- _Required action_: Everything in the data below is left aside except the lines from the one containing "The Political Culture of the English Commons, C.1550–1650*" through the one containing "3X Shaver for"; repeat those exactly.

Records for this exercise section start

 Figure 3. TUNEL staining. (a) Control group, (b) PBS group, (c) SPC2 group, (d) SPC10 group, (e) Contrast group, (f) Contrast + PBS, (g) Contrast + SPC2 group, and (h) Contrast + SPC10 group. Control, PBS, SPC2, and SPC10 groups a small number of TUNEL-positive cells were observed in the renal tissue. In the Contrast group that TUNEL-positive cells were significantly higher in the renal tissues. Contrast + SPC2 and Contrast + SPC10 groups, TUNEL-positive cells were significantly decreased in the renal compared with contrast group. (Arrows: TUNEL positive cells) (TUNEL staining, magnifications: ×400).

Records for this exercise section end
Records for this exercise section start

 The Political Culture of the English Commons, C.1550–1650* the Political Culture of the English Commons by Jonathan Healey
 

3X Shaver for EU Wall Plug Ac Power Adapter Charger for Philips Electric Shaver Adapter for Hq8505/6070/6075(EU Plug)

Records for this exercise section end
Records for this exercise section start

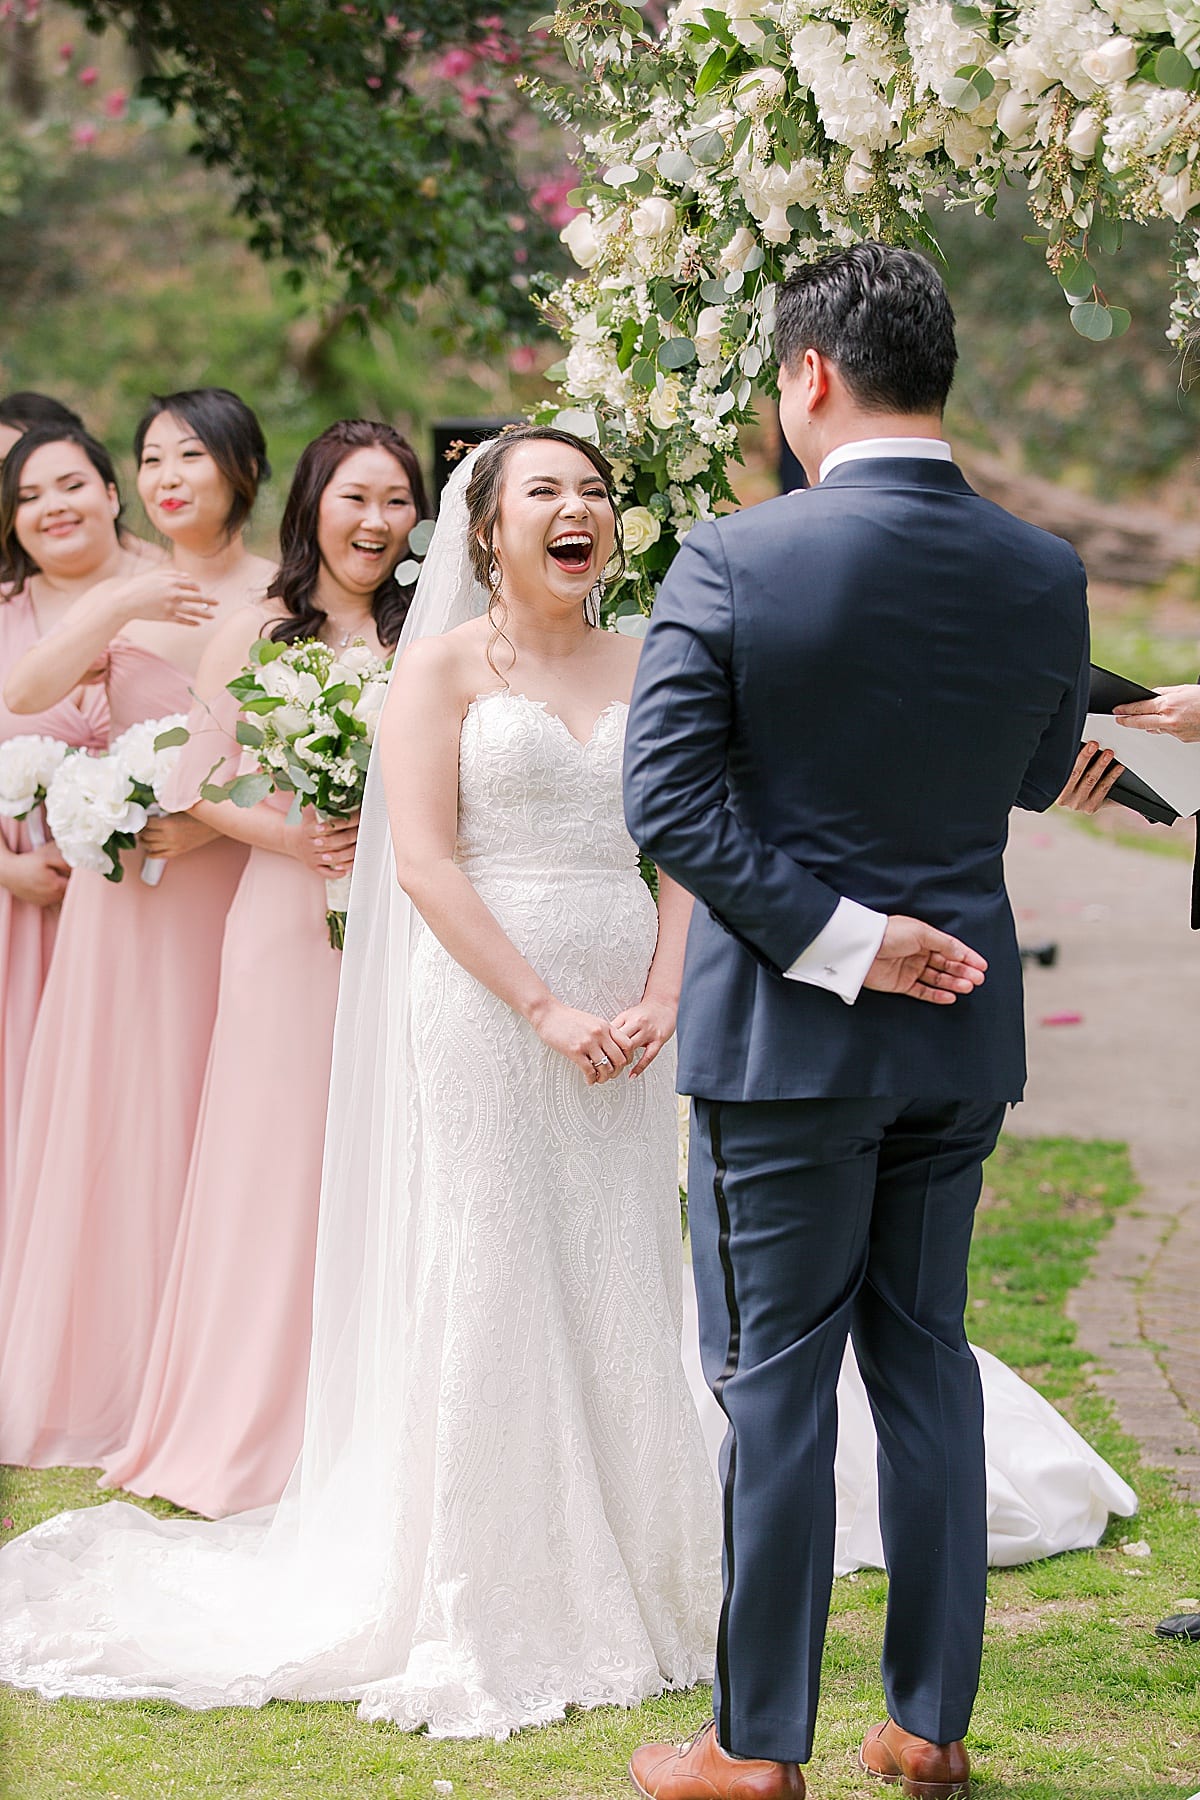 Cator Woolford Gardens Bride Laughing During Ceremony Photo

Records for this exercise section end

- _Completed exercise_:
 The Political Culture of the English Commons, C.1550–1650* the Political Culture of the English Commons by Jonathan Healey
 

3X Shaver for EU Wall Plug Ac Power Adapter Charger for Philips Electric Shaver Adapter for Hq8505/6070/6075(EU Plug)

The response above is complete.